Ad oggi però, l’argomento è l’utilizzo dell’intelligenza artificiale in campo musicale e non in qualità di software come autotune e simili. Da un po’ di tempo rimbalzava la voce che sarebbe arrivato un nuovo brano dei Beatles completato grazie alle moderne tecniche di AI. Immediatamente le voci hanno iniziato a rincorrersi, al grido di la voce di John è un algoritmo. La storia però racconta altro.

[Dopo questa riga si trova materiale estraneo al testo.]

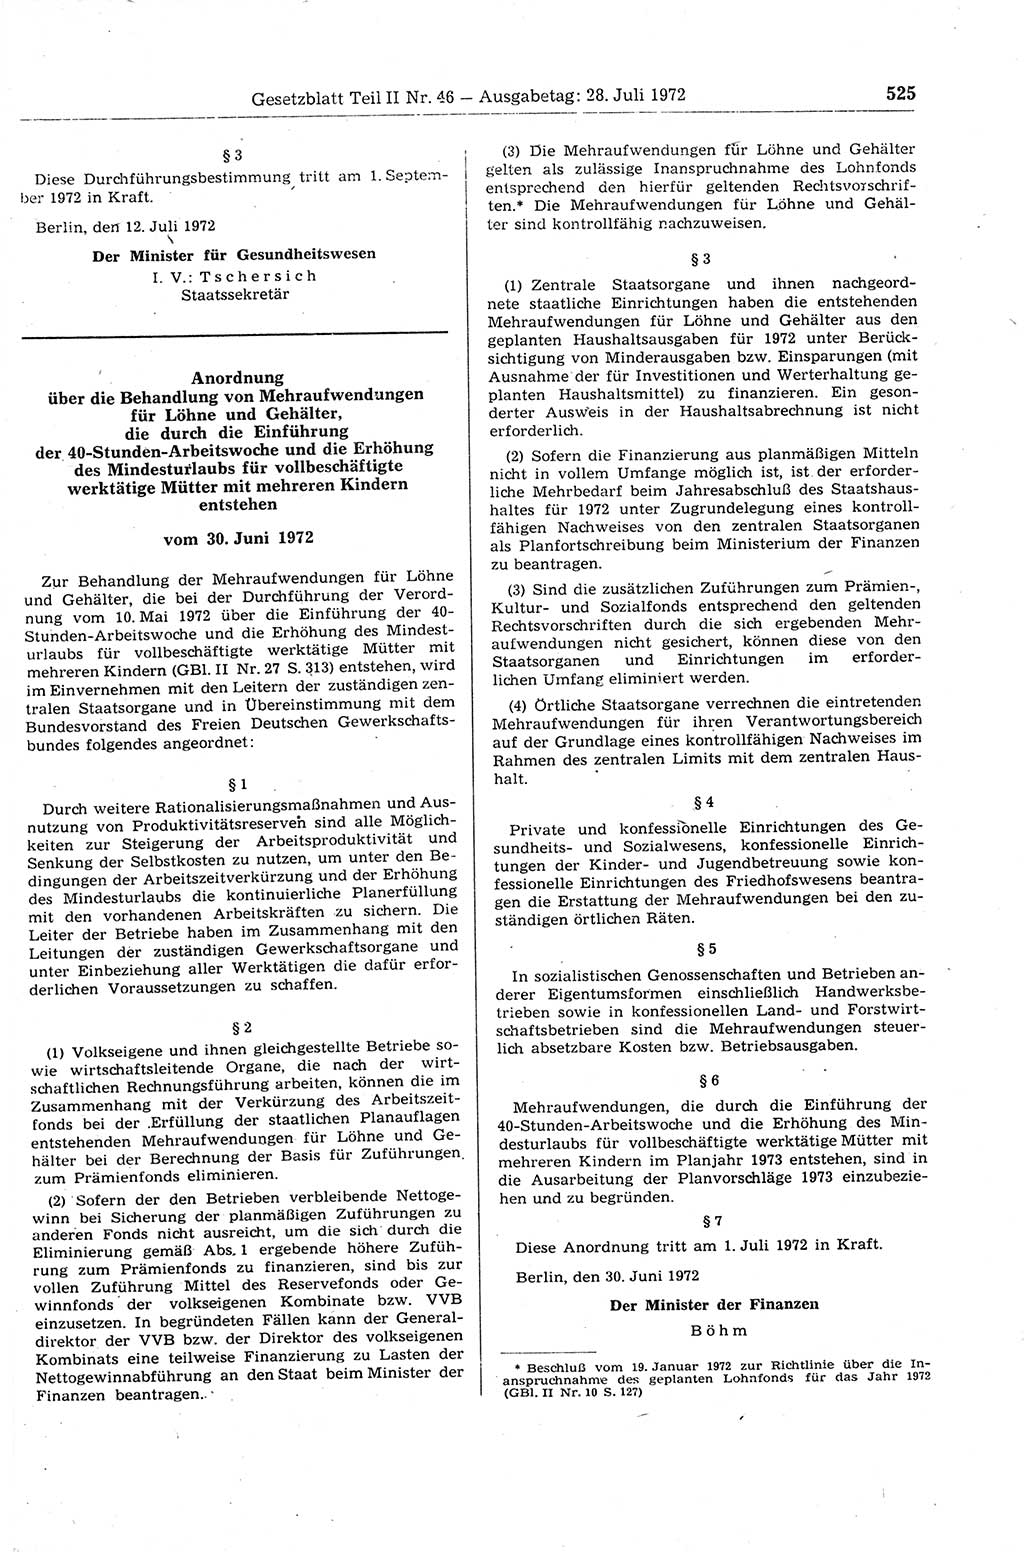 Gesetzblatt (GBl.) der Deutschen Demokratischen Republik (DDR) Teil ⅠⅠ 1972, Seite 525 (GBl. DDR ⅠⅠ 1972, S. 525)

Nel 1994, Yoko Ono trova delle cassette registrate da John Lennon con quattro brani che erano stati abbozzati in alcune versioni voce e piano o voce e chitarra (John non sapeva scrivere sul pentagramma, questo era il solo modo che aveva per “fermare” le sue idee). Sulle cassette c’era scritto “For Paul”, così la nippona che il gruppo scompiglia[3] invia tutto a McCartney. I quattro brani erano Grow old with me, Free as a bird, Real love e Now and then. Se la prima era stata già inclusa così com’era in “Milk and Honey”, album del 1984 di Ono-Lennon, i due brani successivi andarono ad arricchire due delle tre “Anthology” dei Beatles, una nel 1995 e una nel 1996. Ma “Now and then”, che avrebbe dovuto aprire la terza, rimase nel cassetto.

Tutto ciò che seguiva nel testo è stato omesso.